Peter Williams

This article was first published in the February 2015 UK edition of Accounting and Business magazine.

Workplace grievances can soon turn nasty. Rows at work are horrid, whatever side of the argument you are on. No one can have been part of the world of work without falling out with someone over something. But if the row doesn’t get fixed quickly then too often any chances of a relatively pain-free resolution are overwhelmed by a seemingly inevitable escalation. The result can be a toxic work environment. 

And we’re so bad at handling work rows. I remain astonished by one public sector-employed friend who some years ago was left languishing for months, suspended from work, while some pretty minor row between him and the boss over expenses payments wound slowly through labyrinthine procedures. 

In the end it became a farcical, unsatisfactory time-waster for all concerned, with no sense of justice done or resolution reached (and you can count the taxpayer in that ‘all concerned’). 

A mediation process with a dose of common sense would have been a so much better option. But no: research by Professor Stephen Wood of Leicester University, released at the end of 2014, shows that most employers now adopt formal procedures. Wood also showed that while mediation is seen as the best way to handle disputes - and is becoming a feature of the workplace in Britain - it is not as effective as it could be because it is not being used at an early enough stage to prevent escalation to formal procedures or litigation. 

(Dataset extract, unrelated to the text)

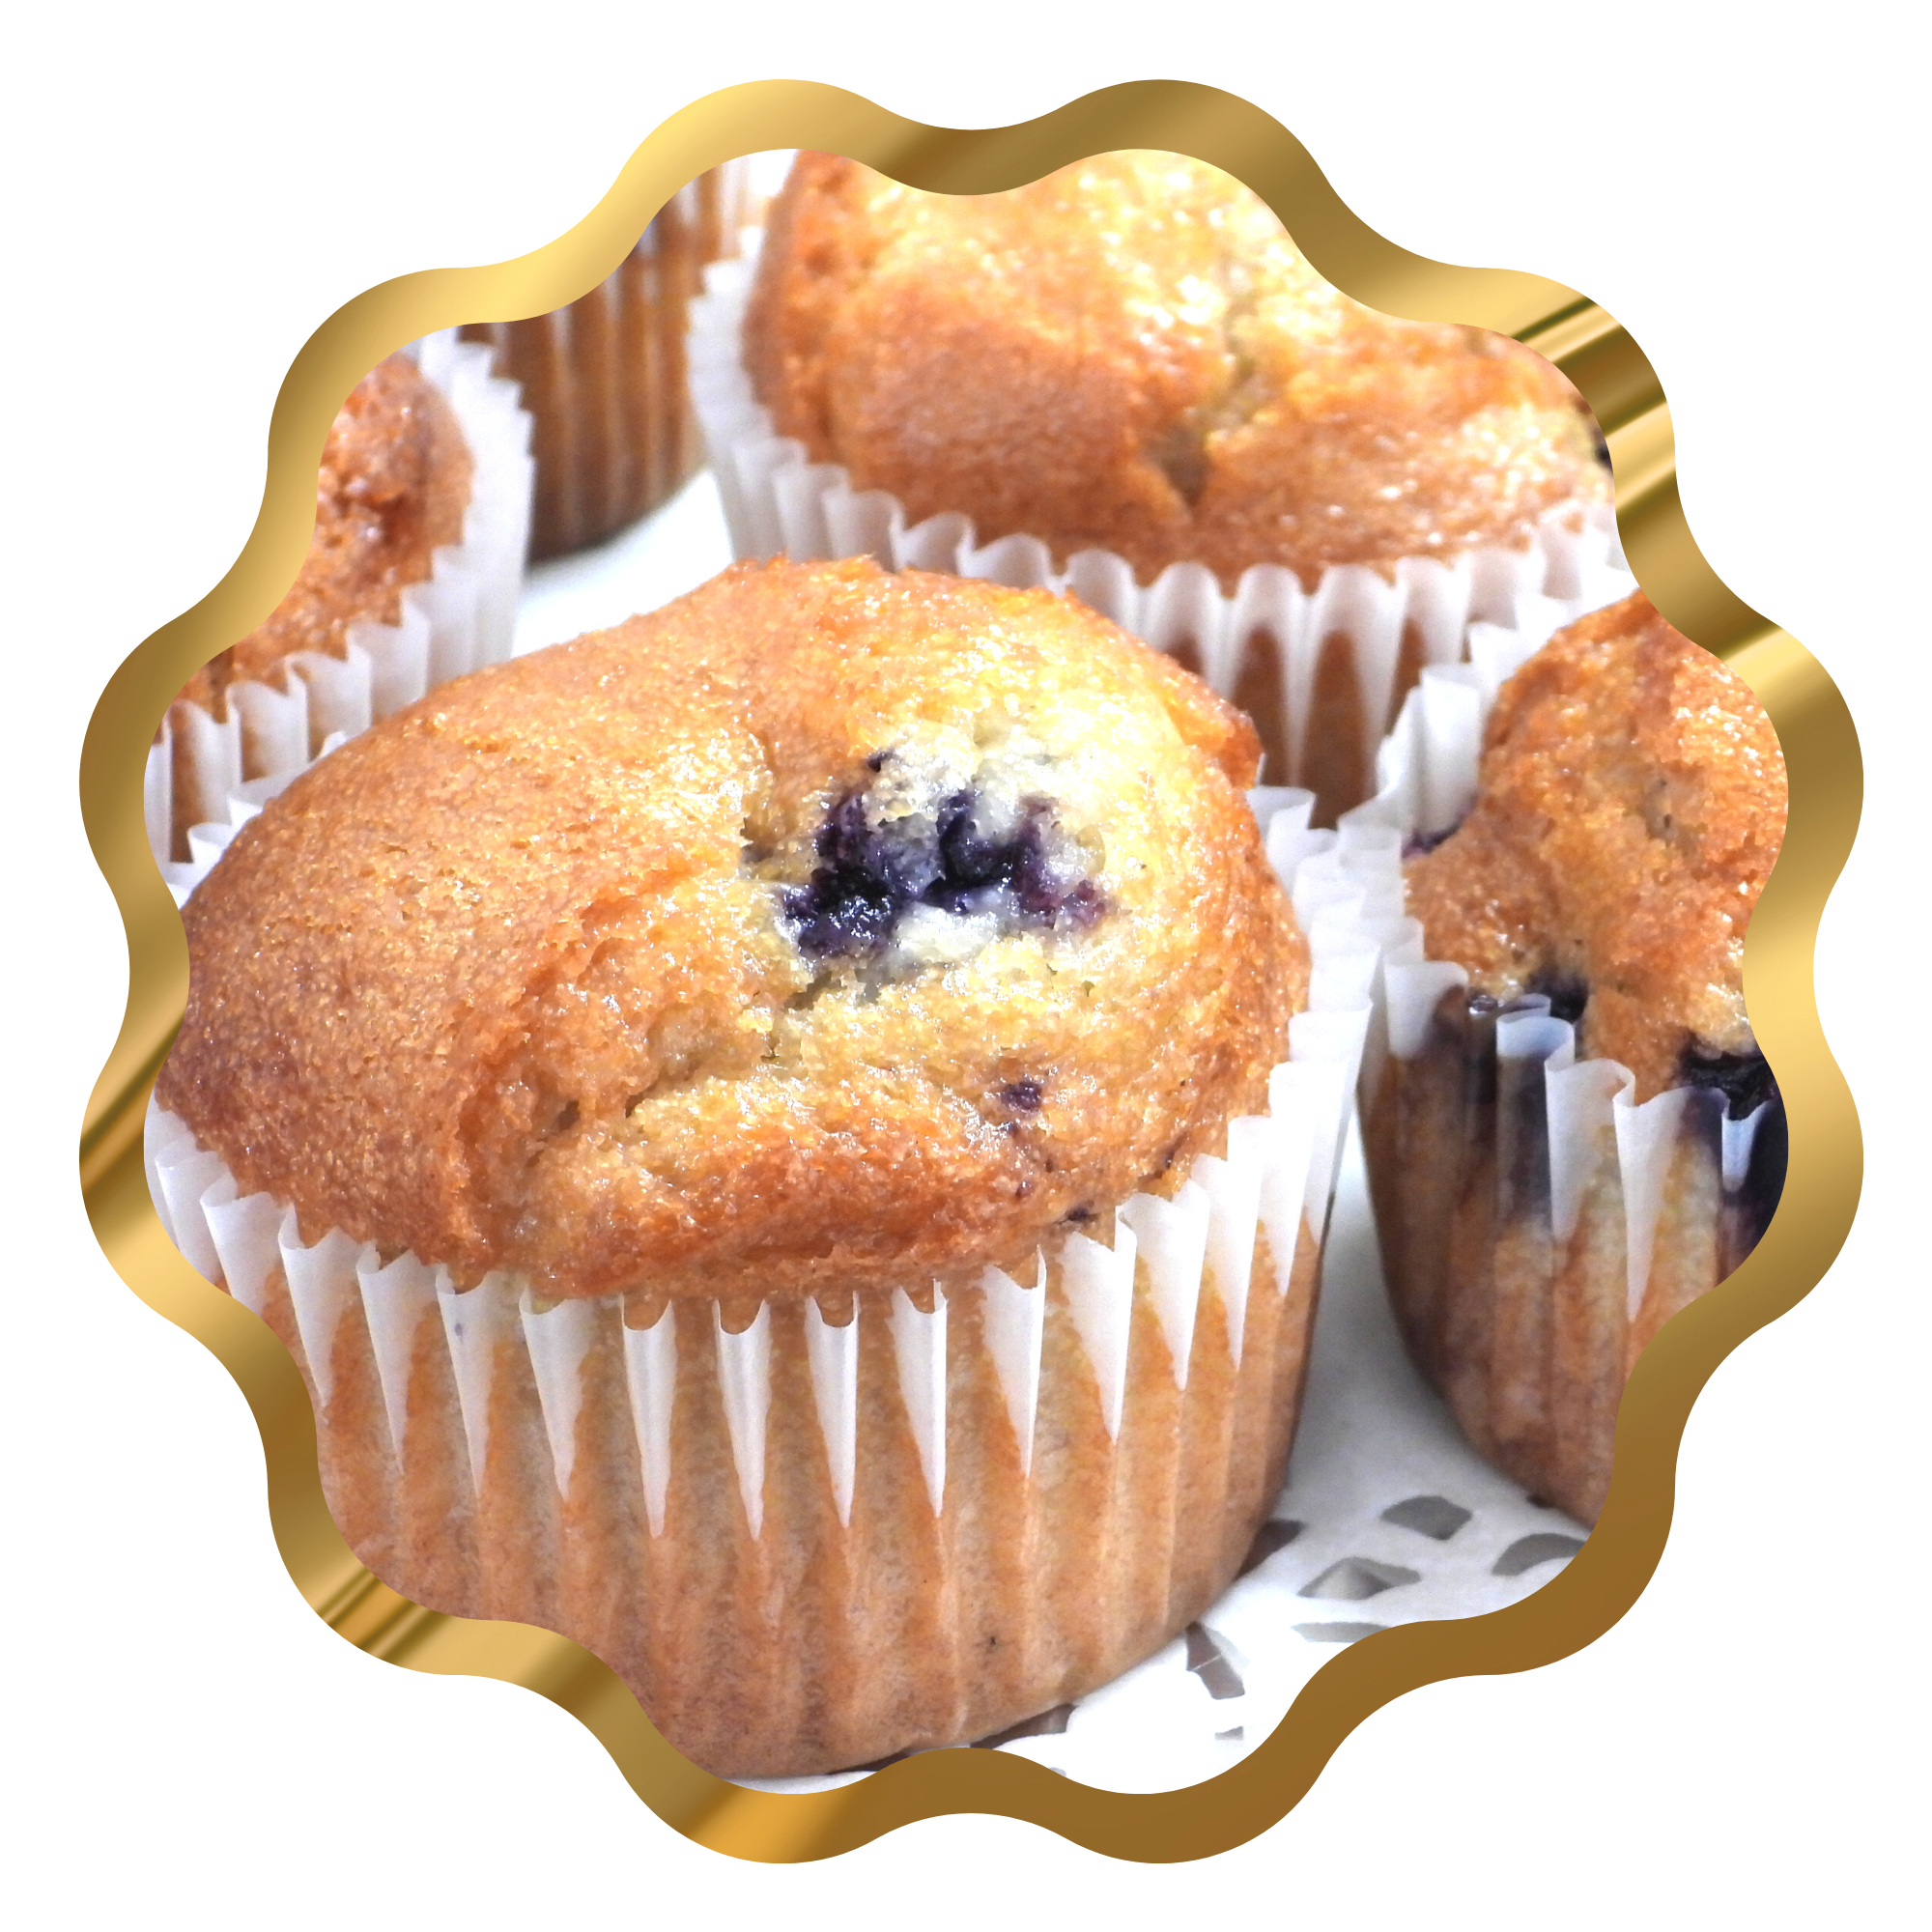 Bakery, local bakery, fresh baked, homemade, cookies, cakes, pies, scones, muffins, treats, sweets, local bake shop, bake shop, café, local café, blueberry muffins, chocolate chip muffins, healthy muffins

Disciplinary and grievance procedures have been promoted by governments over years as a way of underpinning good employment practices, as they are seen as providing an opportunity for fair and consistent treatment in the workplace.

Instead of being a real option, mediation has too often seemed a grudging reaction by employers to their bad experience of disputes with employees. 

However this may be changing. Following government moves to discourage employees going to tribunals by, among other changes, making them pay, mediation may become a more attractive option for all. At the same time HR professionals think that employers should view mediation as ‘a breath of fresh air’ and a vehicle for encouraging more ‘adult to adult’ conversation in the workplace.

Mediation should not be seen as a soft touch where we all pretend to like one another. Mediation conversations should be business like and business-orientated and should place emphasis on measuring cost, return on investment and benchmarking against best practice. In large organisations the best mediation schemes should involve multiple stakeholders - senior management, employees, trades unions and relevant experts such as occupational health professionals - though how that could be replicated in a small employer is not clear.

"Better than dealing with grievances as soon as possible is not to have them at all."

Better than dealing with grievances as soon as possible is not to have them at all. As long ago as 2011, HR body the Chartered Institute of Personnel and Development was talking of ‘conflict coaching’ where managers are given specific help. They may have a history of above average grievances or simply be known as not being brilliant with people.

Practical help can be given in terms of advice on how to have difficult conversations or offering a helpline for when problems emerge. Such help should be easy, quick and cheap to access. No point booking onto a mediation course in two months’ time if a situation is exploding around you now. 

Companies should also be able to learn from their mediation process in a way that is more difficult to achieve in a legal setting. A company may see a certain type of dispute arising time and again, which should prompt a look at root causes. And they can apply lessons from good resolutions. That way both employee and employer should feel they have some control. At its best mediation could be the focus for putting people and humanity back into the centre of solving workplace disputes.